Vibe Coding to Production: A CTO's Guide to Shipping AI-Generated Code Safely
May 15, 2026 · 8-minute read · Seth
Vibe Coding to Production: A CTO's Guide to Shipping AI-Generated Code Safely
Engineering velocity is up. Confidence in what's shipping is down.
If you run engineering at a company that adopted Claude Code, Cursor, or Copilot in the last 18 months, you've probably noticed the same thing every other engineering leader has: your team is shipping more code, faster, with fewer of the deliberate review cycles that used to gate production. The PR queue moves quicker. The bug reports look different. Some weeks the code is better than it's ever been. Some weeks something gets through that wouldn't have a year ago.

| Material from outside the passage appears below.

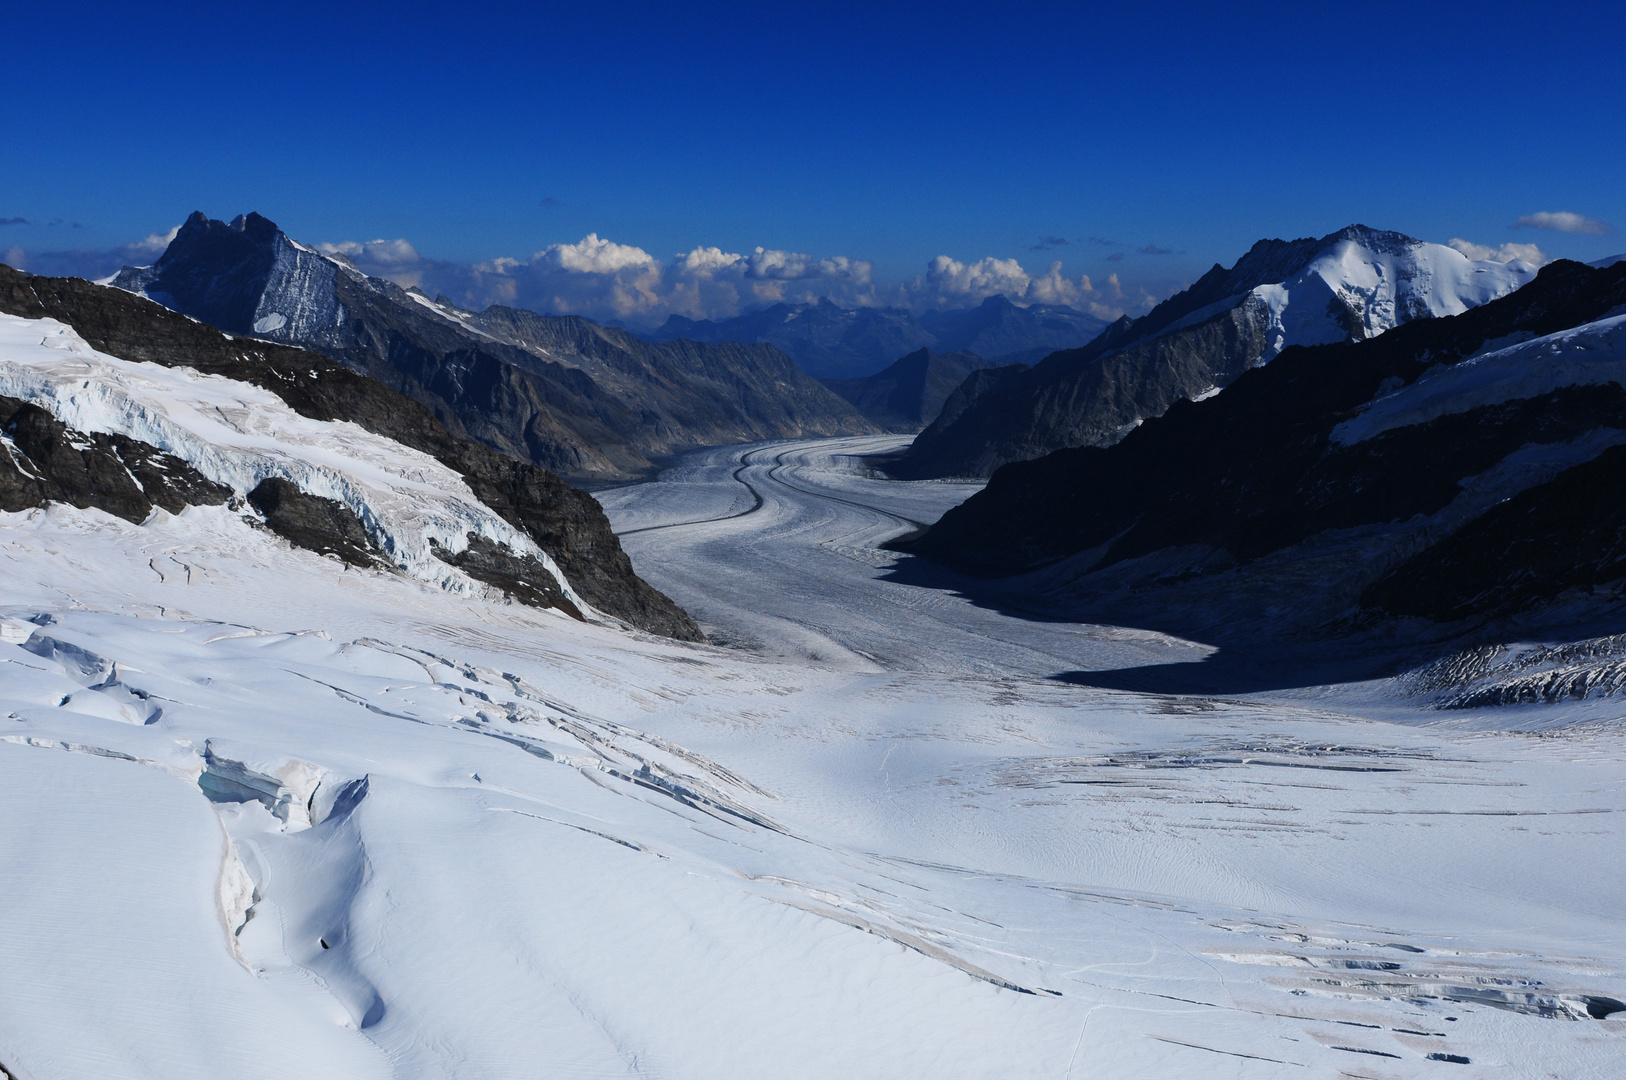 Schweiz: Der Aletsch Gletscher im Wallis

This is what "vibe coding to production" actually feels like at scale — and there isn't a playbook for it yet. The standard engineering management literature was written for a world where humans wrote every line and senior engineers reviewed every PR. That world is gone. The replacement hasn't been built.
This guide is a first pass at the replacement.
The new reality
Three things are simultaneously true at most engineering teams in 2026:
AI tools are making senior engineers radically more productive. A staff engineer using Claude Code can do in a day what used to take a week. This is real and measurable.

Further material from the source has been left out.